| THE DATA |
↓↓↓
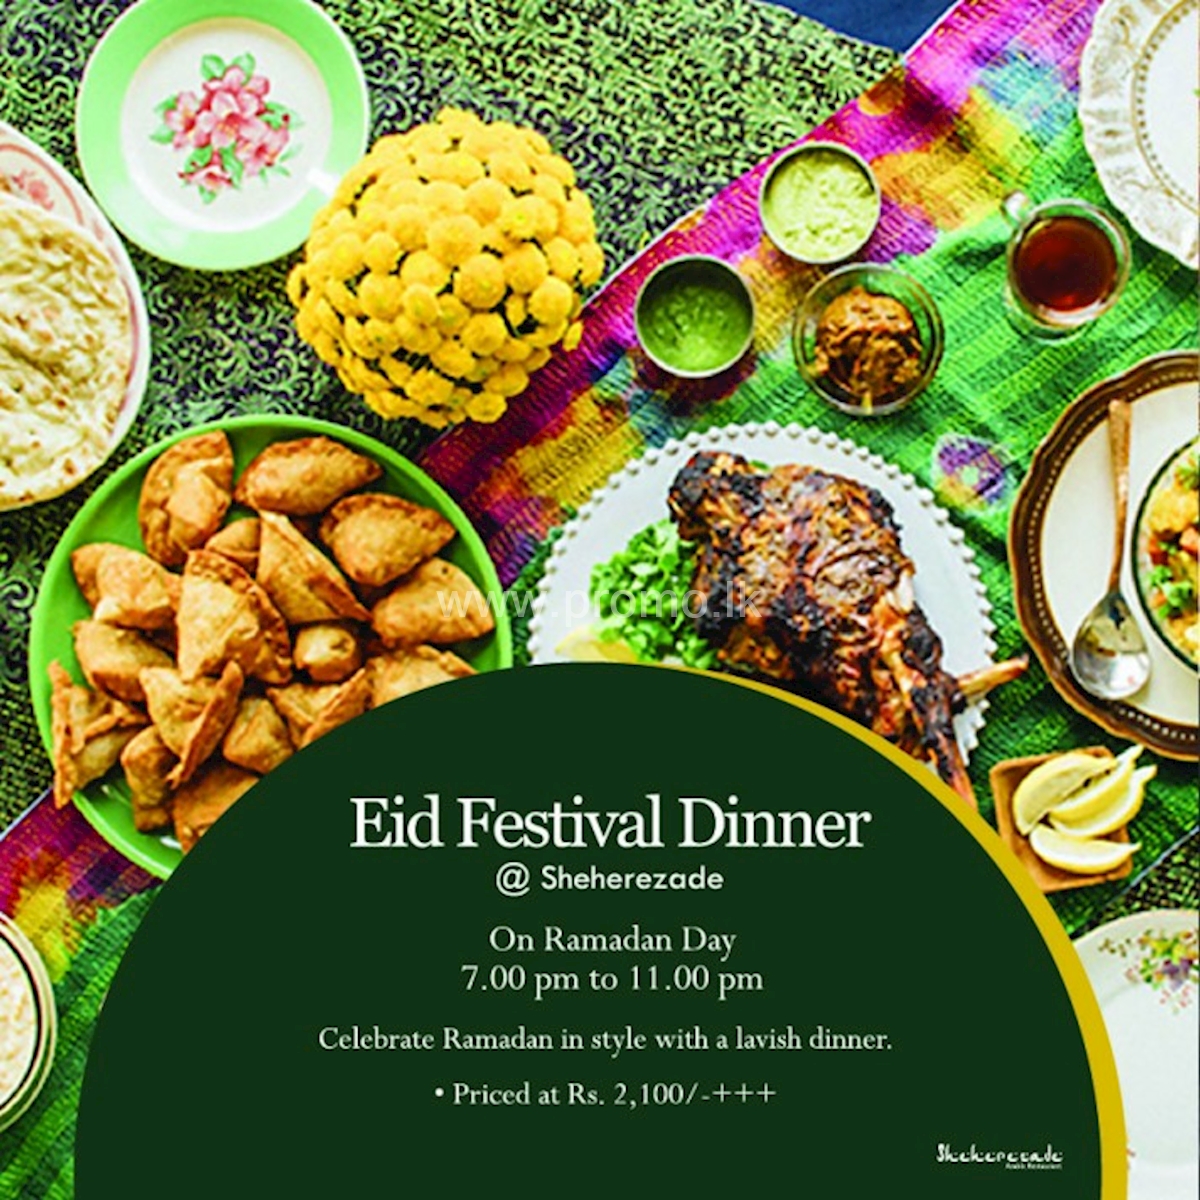 Eid Festival Dinner at Sheherezade
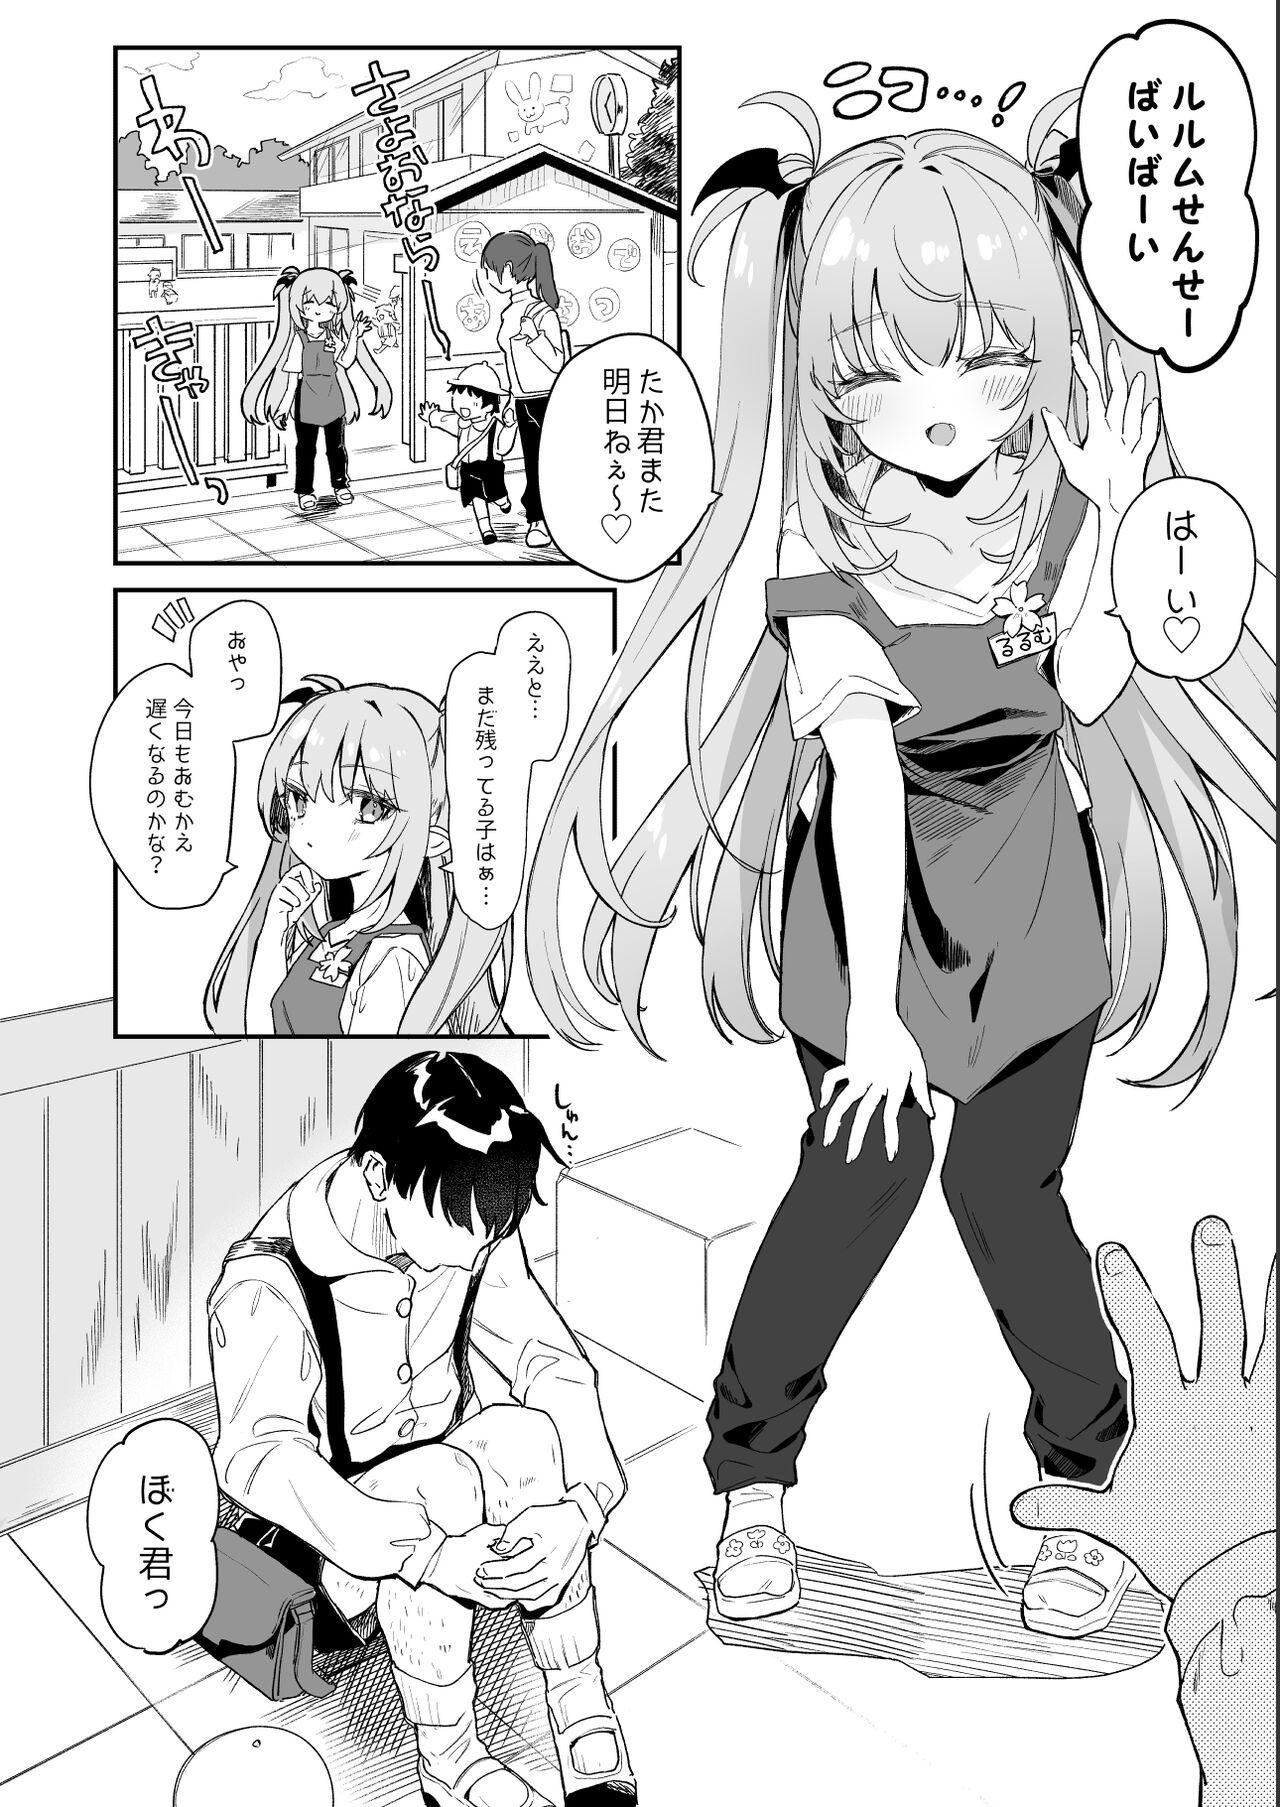 Gozada [Tamano Kedama] Kodomo no Hi (Imishin) ni Mukete Manga o Kaku - Original Gagging - Page 4
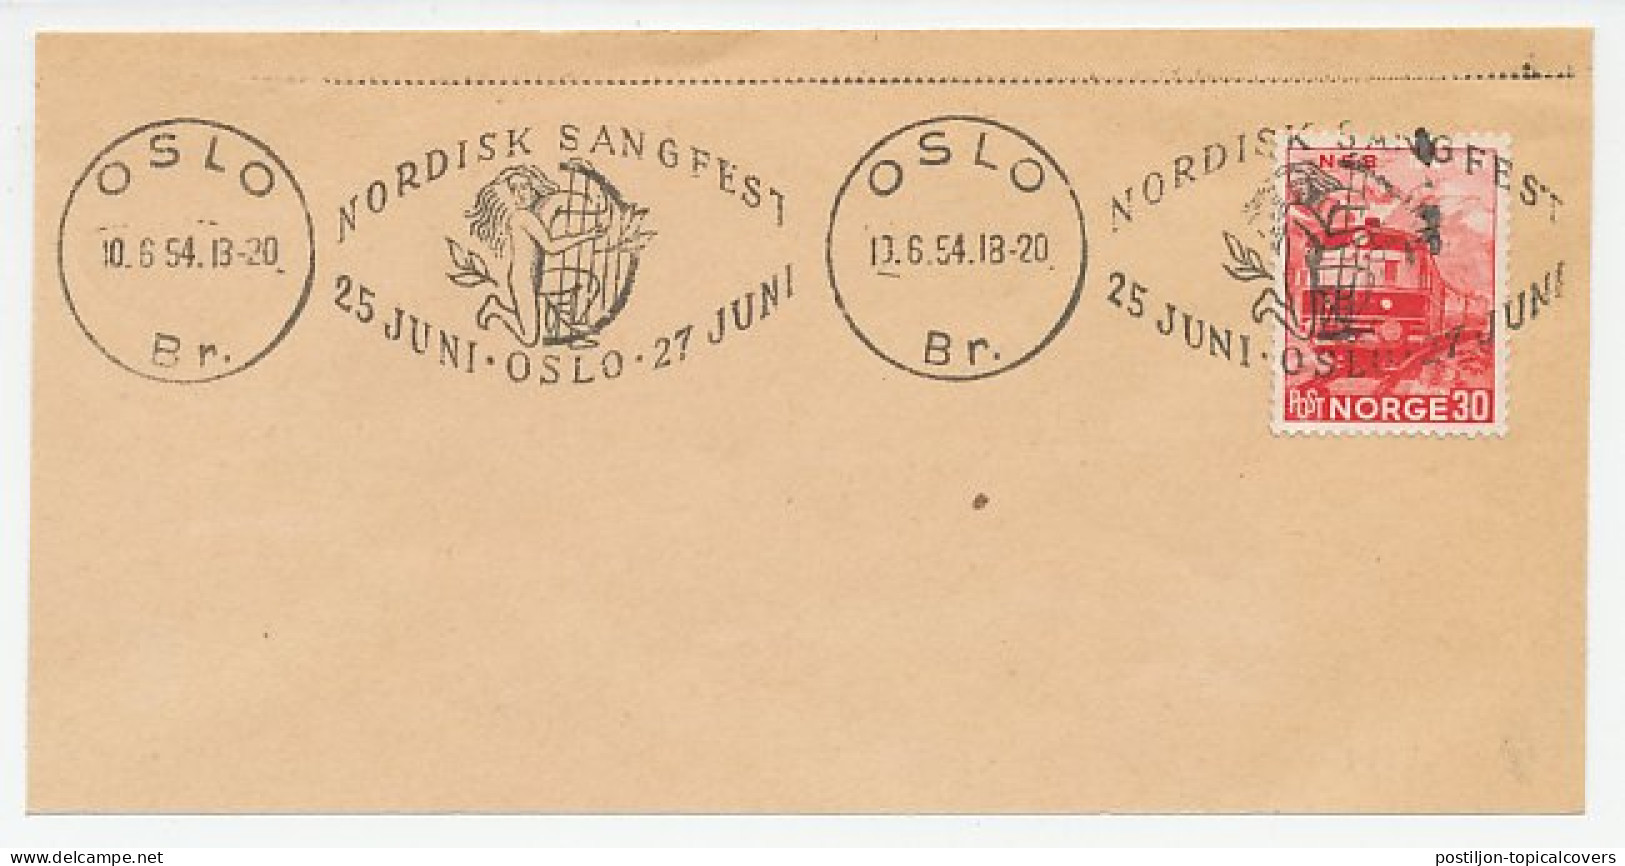 Postmark Norway 1954 Harp - Nordic Song Fest - Musique
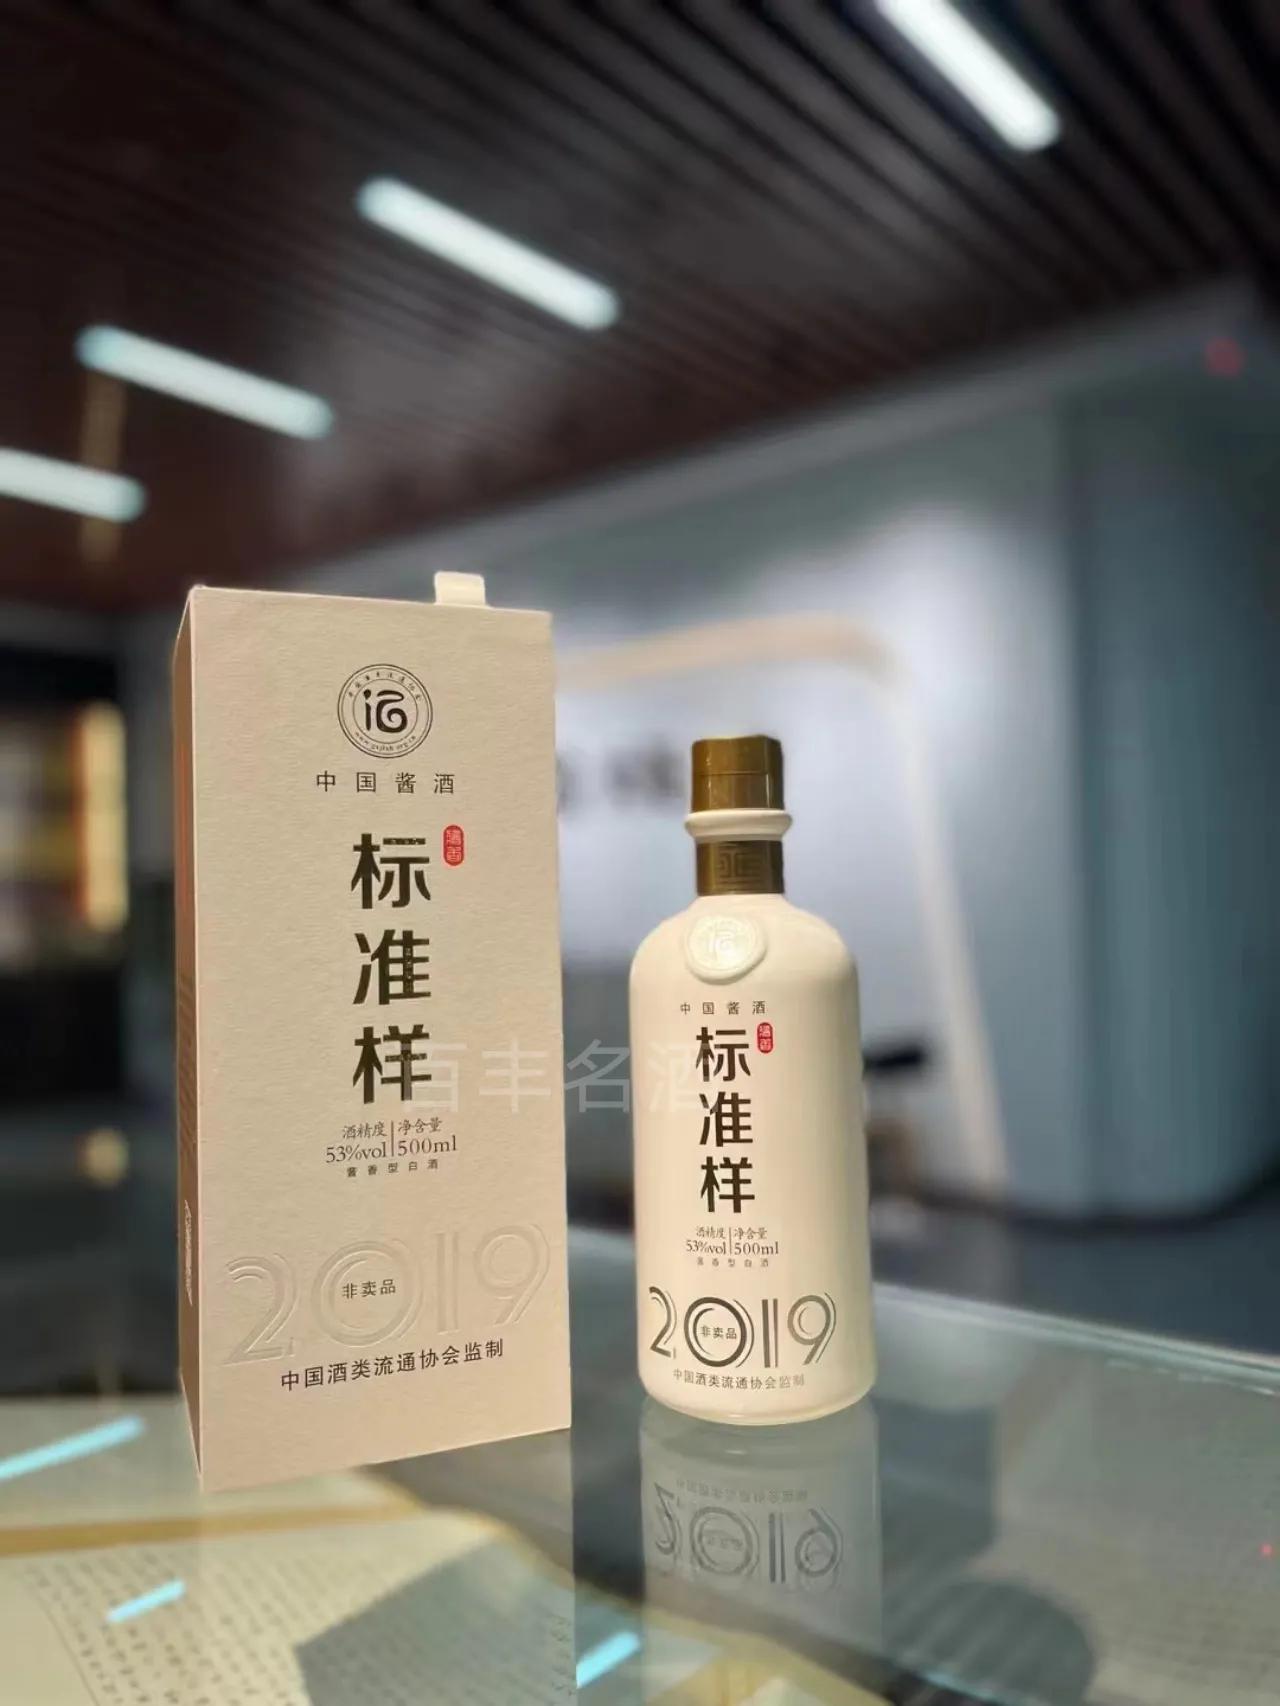 三分钟带您详细了解中国酱酒标准样，中国酒类流通协会监制出品
↑↑↑
| PROBLEM TO WORK ON |
Restate word for word, and only, the lines from the line that contains "Postmark Norway 1954" through the end of the data, both included; pictures are not part of the copy.

| REPLY TO THE TASK |
 Postmark Norway 1954 Harp - Nordic Song Fest - Musique
 三分钟带您详细了解中国酱酒标准样，中国酒类流通协会监制出品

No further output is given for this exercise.